The Interior Department is already facing a more than $11 billion maintenance backlog that some experts say was compounded by this year’s 35-day partial government shutdown, when the majority of parks remained open to the public.

As part of the surge, Interior law enforcement officers were initially stationed at places like South Texas National Wildlife Refuge and Organ Pipe Cactus National Park in Arizona, according to an internal document obtained by The Hill through a Freedom of Information Act request.

The memorandum dated May 1, 2018, and signed by Scott Cameron, acting Interior assistant secretary, said Border Patrol (BP) chose areas they believe “best address the support mission.”

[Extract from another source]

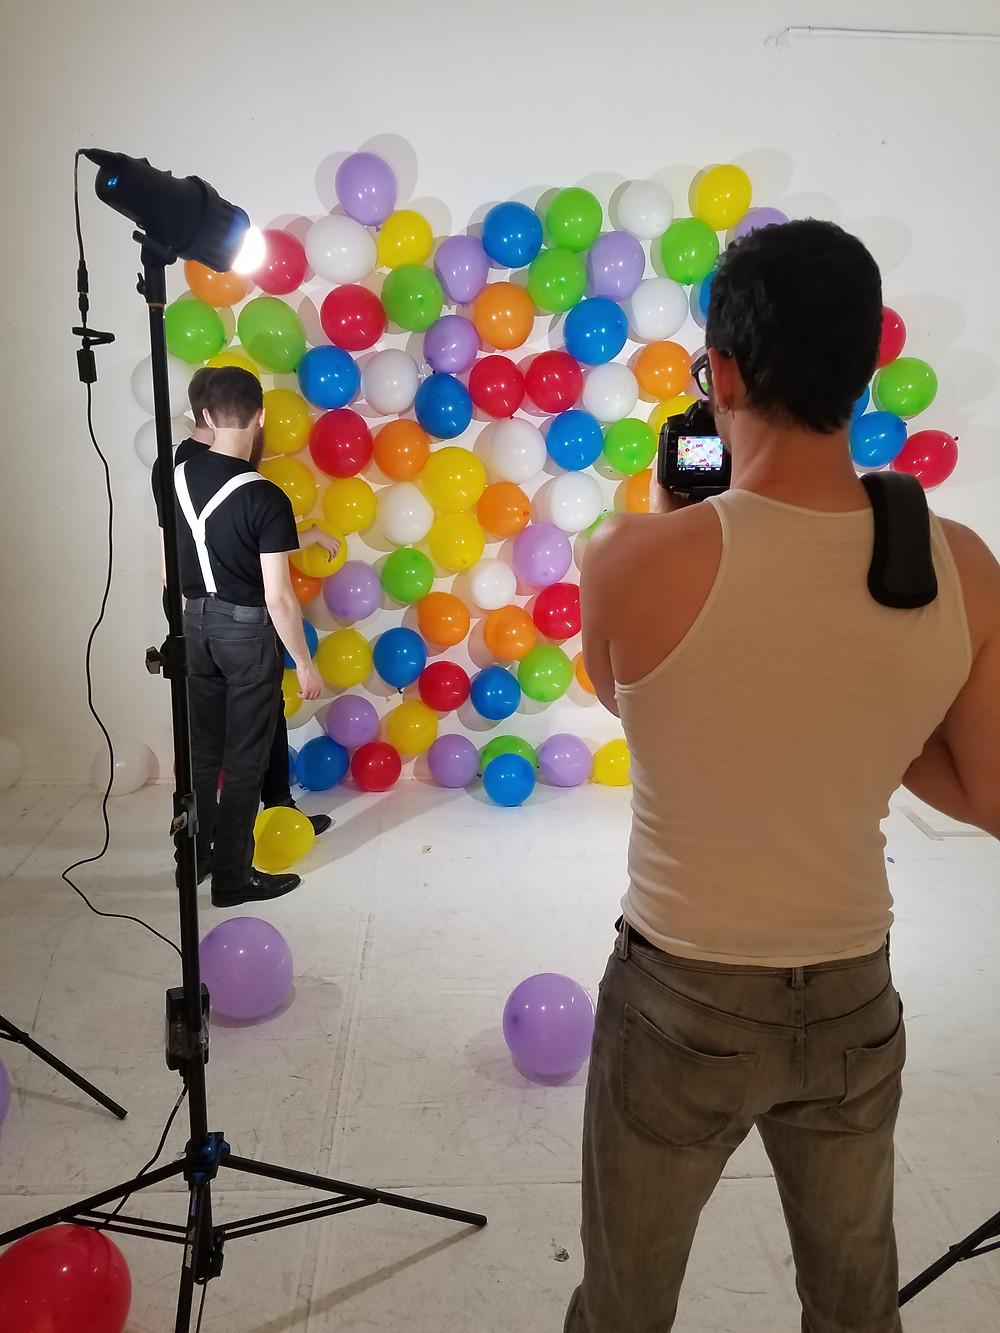 Bradman, the Balloon Wall, Tim Basom and Zach Simao
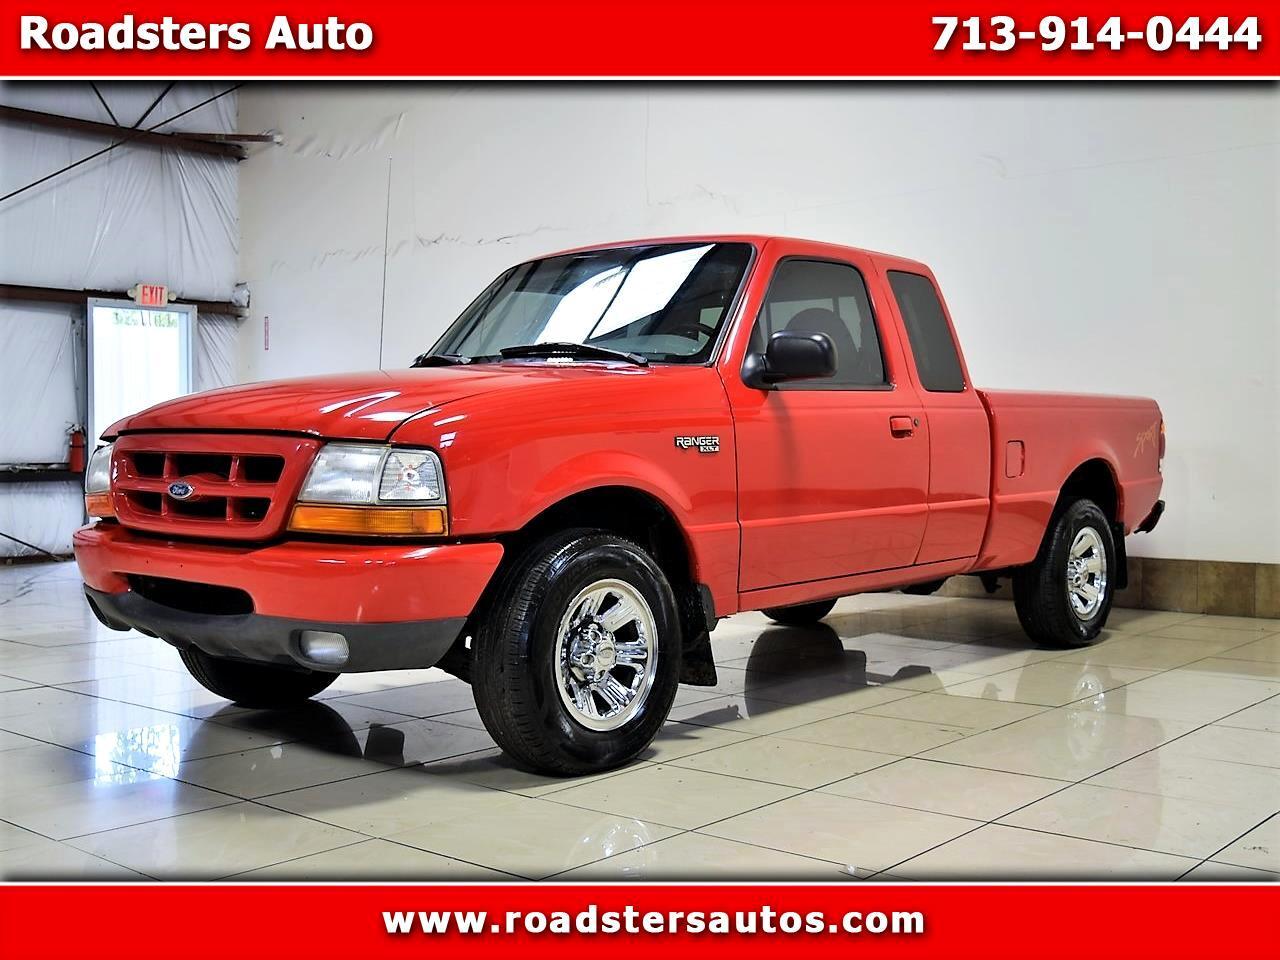 1999 Ford Ranger XLT SuperCab 2WD

“The DOI’s commitment to this surge mission will assist BP in preventing illegal entry into the United States, and will protect our federal lands, to include the natural and cultural resources as well as enhance visitor safety and experience,” Cameron wrote.

Interior declined to provide any update on new locations for law enforcement officers along the border.

The agency says it has reason to celebrate the initiative. Interior officers have apprehended 7,183 migrants and seized 1,487 pounds of marijuana on federal land along the border, according to internal data shared with The Hill.

“The 2020 budget helps foster safe and drug-free communities by increasing funding for law enforcement,” the agency wrote in its budget proposal.

Larry Cosme, national executive vice president for the Federal Law Enforcement Officers Association, said some Interior officers supported their mission at the border.

"We, the men and women, civil servants, place the needs of our country above ourselves sometimes,” he said. “In this case, homeland defense and security is the need of our country and the men and women stand by to serve, protect and defend. At this time, it is along the southern border.”

But one NPS law enforcement officer who was detailed to the border said the arrest and drug-seizure numbers are little to boast about.

“Fifteen-hundred pounds on DOI land seems like nothing. That doesn’t seem low for now, though, because there is less marijuana on DOI lands than there were two years ago,” the officer told The Hill, pointing to the overall drop in marijuana smuggling at the border.

“This is an inappropriate use of government money. ... The numbers are the same. I was kinda hopeful that when Zinke left this would fade away, and this is very clearly not fading away.”

For comparison, U.S. Border Patrol seized 300,289 pounds of marijuana and arrested 396,579 illegal crossers in fiscal 2018.

Rep. Raúl Grijalva (D-Ariz.), chairman of the House Natural Resources Committee, which oversees Interior, called the department’s border program “a sustained attack on the rule of law.”

“The president’s border policies have gone from a political stunt to a sustained attack on the rule of law. He and his friends in Washington lie to the public and manipulate immigration data to excuse their racist, counterproductive efforts to militarize our border with one of our oldest allies,” Grijalva, whose congressional district borders Mexico, told The Hill in a statement Tuesday.

“Treating law enforcement agents like the president’s personal toys is a hallmark of a banana republic, not a functioning democracy,” he said.

Interior did not respond to a request for comment.

Grijalva on Wednesday will lead House Democrats in grilling Bernhardt, who is attending his first hearing in front of the committee as Interior chief, and the role of agency officers is expected to come up.

“The Interior Department needs to explain immediately why these transfers are a good use of taxpayer money,” Grijalva said. “And if it can’t, this farcical program needs to shut down.”